В прихожей скромного домика у бывшего нотариуса отца Ренато отдал свою карточку слуге и остановился в задумчивости, ожидая. Перед ним возникал образ, даже против его воли сопровождавший его. Раз за разом перед его воображением проходила тень, завернутая в черную накидку послушницы Воплощенного Слова, чтобы спрятаться между деревьями сада. Ни на секунду он не задумывался, что той женщиной могла быть и не Моника; но зачем ей нужно было идти ночью в тот угол сада, и почему украдкой и таким спешащим шагом, словно она ждала его ухода, чтобы сбежать туда?

- Ренато! Это действительно вы? – приближаясь воскликнул Ноэль, радостно растроганный. - Ренато Д`Отремон, это самая большая радость и самый большой сюрприз за все эти долгие годы.

- Простите меня за несвоевременность визита. Я уже вижу, что…

- Да… я собирался лечь спать; в халате и во всем этом я бегом прибежал сюда. Обнимите меня, сын мой. Какая радость видеть вас! Как чудесно вы преобразились! Вы настоящий красавец, черт побери. Похожий на мать, но всем своим видом и великолепной статью похожи на всех Д`Отремон. Счастлив тот, кто не идет против природы… Но садитесь… садитесь… Чего бы вы хотели? Джин? Коньяк?

- Ничего… ничего, друг мой. Я пришел только поговорить с вами немного.

- Ну тогда следует отпраздновать эту беседу, а также ваше возвращение на Мартинику. Ведь прошло несколько дней, правда?

- Почти уже пару недель…

- Я вам так благодарен, что вы пришли проведать меня так скоро, я знаю, что мы будем пить. – Педро Ноэль встал, и, отойдя немного, повысил голос, чтобы позвать: – Серапио… Серапио! Приготовь нам два ром-пунша по всем правилам. – А затем, возвратившись к Ренато, воскликнул: – Вы ведь не будете пренебрегать национальным напитком?

- Ни в коем случае…

- Ренато, маленький Ренато, который вернулся уже зрелым сеньором инженером. Но как же вы хороши, Ренато! Вы меня находите, наверное, старым, конченным… И кроме того, бедным. Почти как церковная мышь. Моя профессия как политика: в ней мало преуспевают порядочные люди, а я так и не смог вылечиться от этой наследственной болезни. Порядочным был мой дед, отец, и я, а также, если бы у меня был сын и он бы тоже, я уверен, был более требовательным и еще беднее, чем я, но это почти уже невозможно, - весело засмеялся он.

- Если ваше несчастье в этом, то мы его скоро исправим. У меня много работы для вас, - предложил Ренато дружелюбно и великодушно.

- Что? Как? Я надеюсь, вы не обременены бумажными делами, - забеспокоился добрый Ноэль.

- Я не обременен пока что ничем, но полагаю, что есть вещи, которые нужно исправить и вы могли бы помочь мне с этим.

- Для этого вы можете рассчитывать на меня в любое время.

- Вы только что доказали мне это и к тому же это говорит мое сердце. Не случайно я с доверием постучался в двери вашего дома. Не знаю, откуда у меня эта уверенность, что вы сможете принять меня в любой час, и я злоупотребил вашей добротой. Правда в том, что я практически не был в Сен-Пьере. Все эти дни я провел со своей матерью в Кампо Реаль.

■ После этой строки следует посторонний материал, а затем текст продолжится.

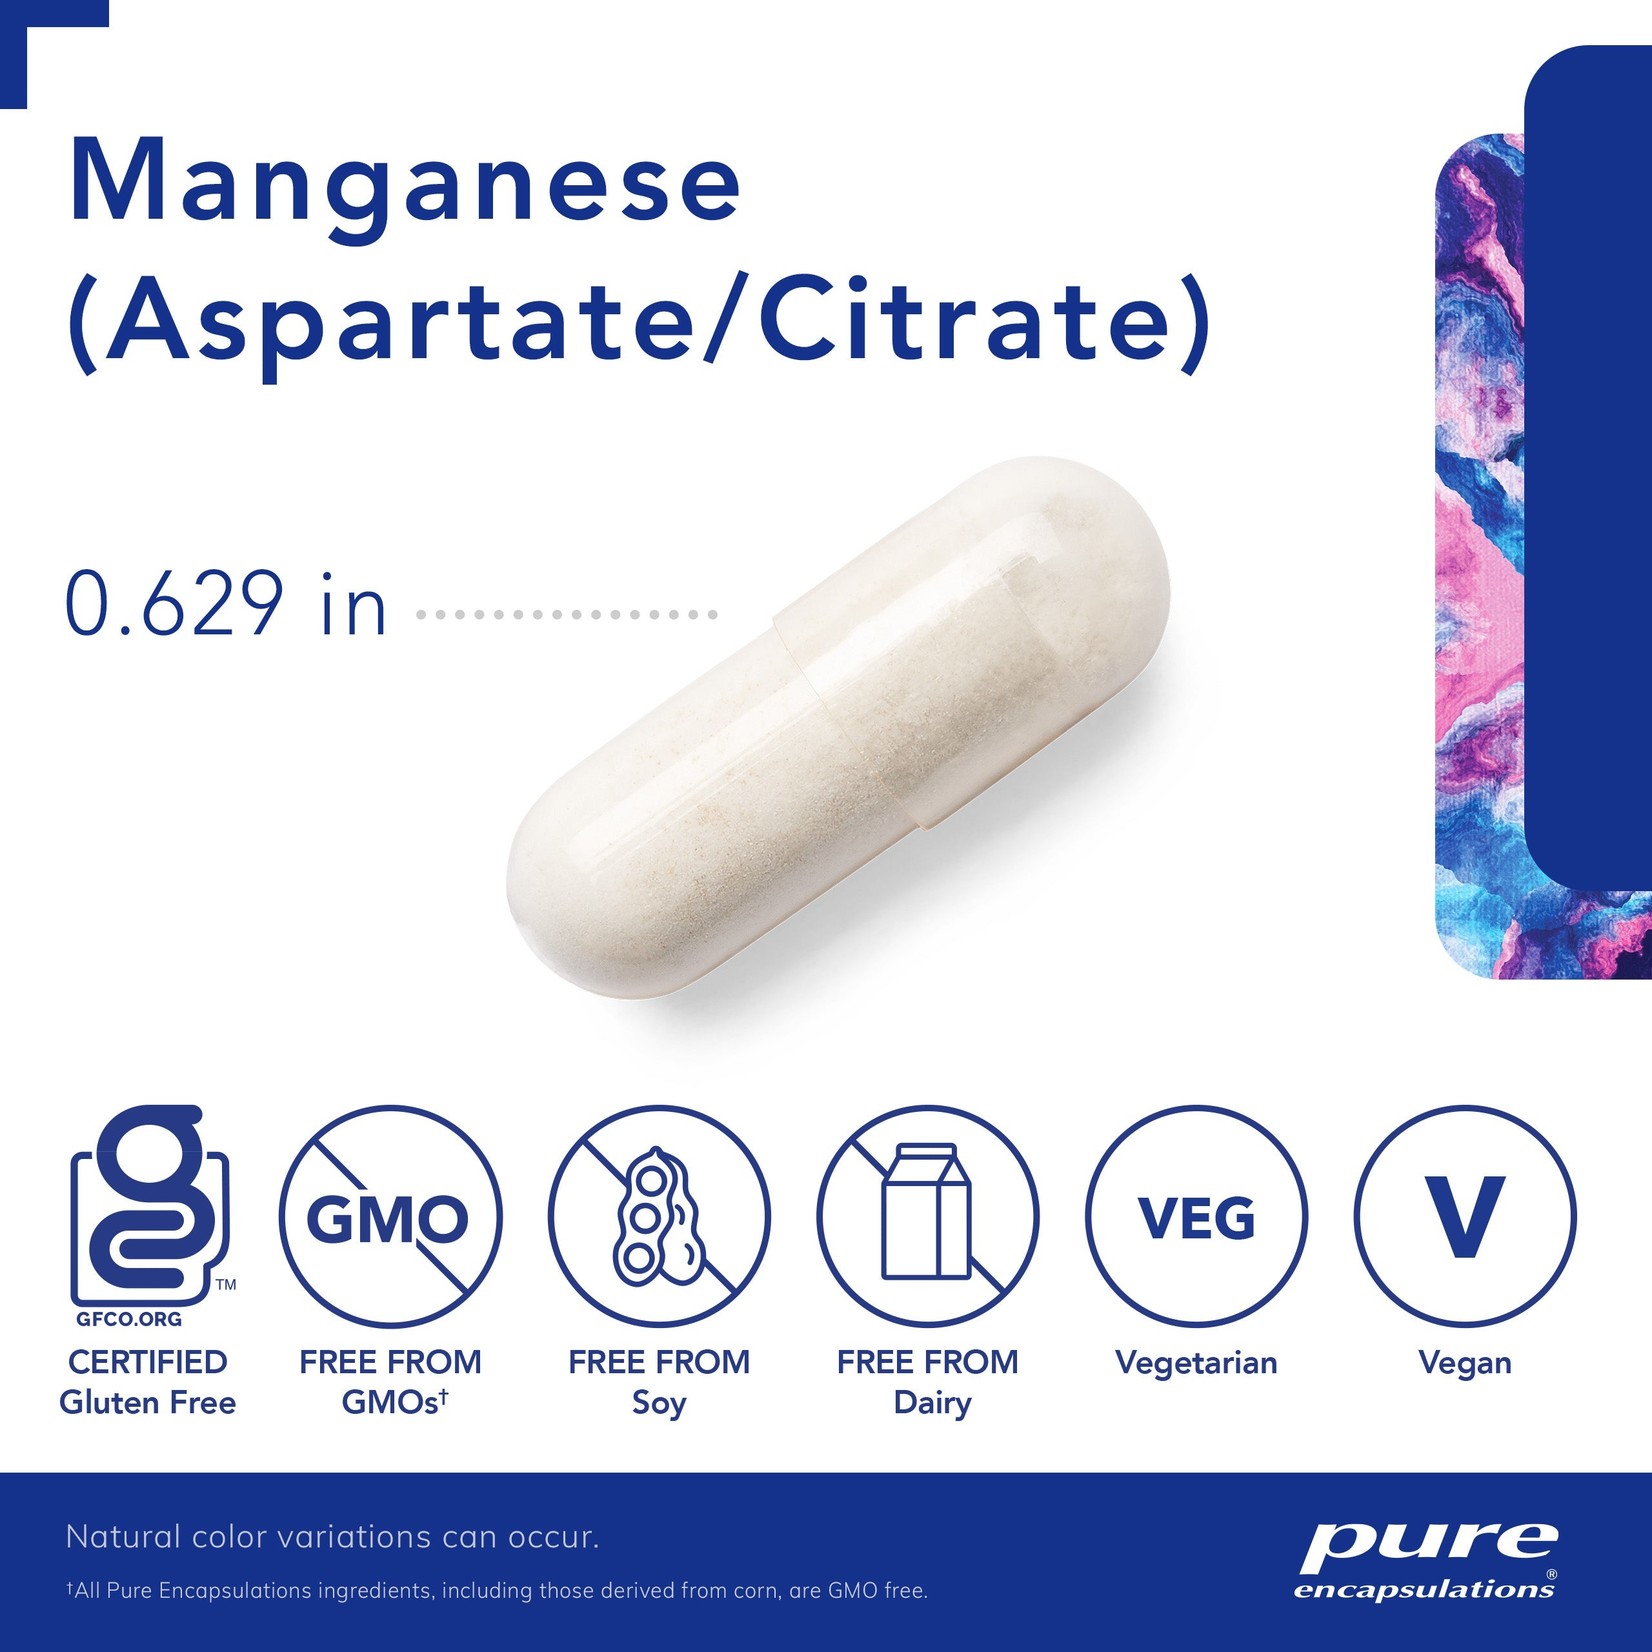 Pure Encapsulations Pure Encapsulations - Manganese Aspartate - 60 Capsules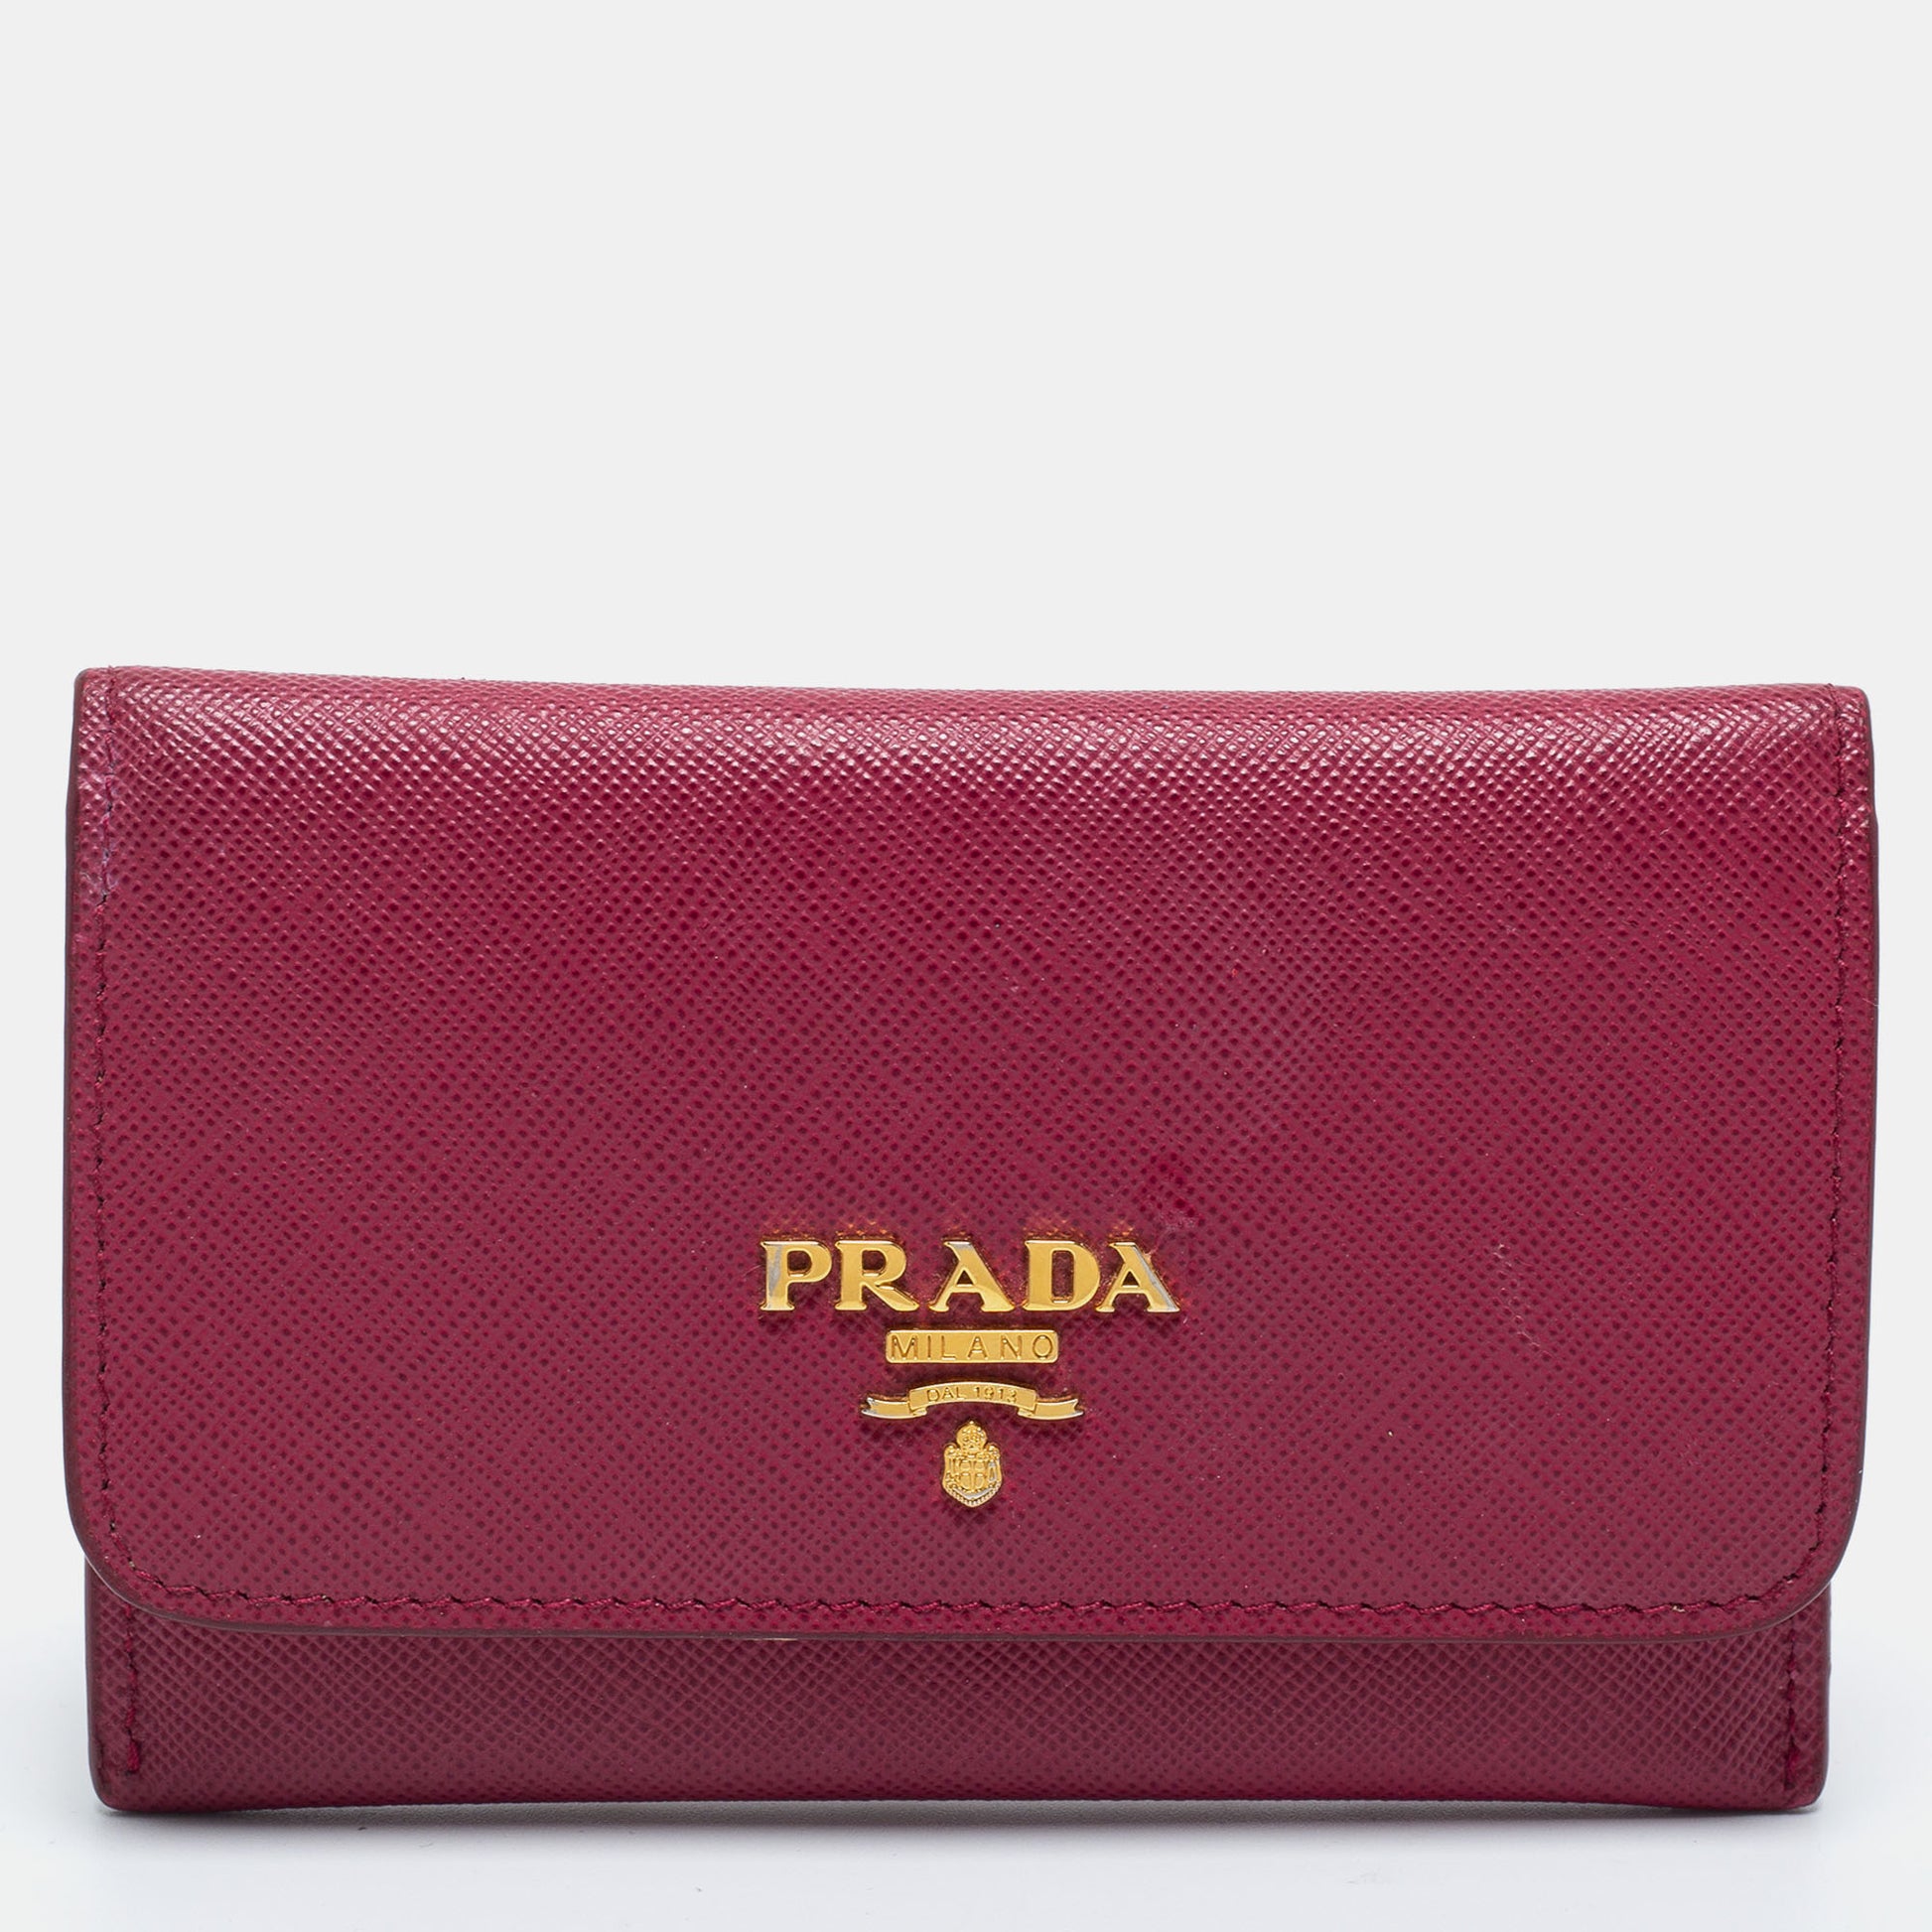 Prada Dark Pink Saffiano Leather Compact Wallet Prada

- Кстати, как сеньора Д`Отремон поживает? – поинтересовался всегда заботливый старый нотариус.

- Со своими вечными недомоганиями, но кажется лучше, чем когда-либо.

- Она знает, что вы пришли навестить меня? – спросил Ноэль явно нерешительно.

- Ну… не совсем…

- Но она дала свое согласие? Я хочу сказать… согласна ли она с моей помощью, которую я, по-вашему, должен оказывать?

- Она это конечно же узнает. У меня едва было время, чтобы поговорить с ней о двух-трех делах, а еще очень много дел, которыми мы должны заняться…

Нотариус Ноэль посмотрел в другую сторону в тот момент, когда его единственный слуга поставил между обоими два стакана с ром-пуншем на оловянном подносе. Это был напиток, типичный для маленьких Французских Островов, сладкий и ароматный, как земля, которая его дарит. Словно семь цветных колец, семь полос разных ликеров наливались в него, не смешиваясь: зеленый изумруд мятной настойки, лакомый коричневый ликер из какао, красный рубин кюрасо, желтый топаз шартреза, белая прозрачность аниса, ясный опал бенедиктина, и золото рома, ароматного и горячего. Преодолевая свое смущение, старик поднял свой бокал:

- За вас, мой друг. За вас и ваше счастливое возвращение в родные земли.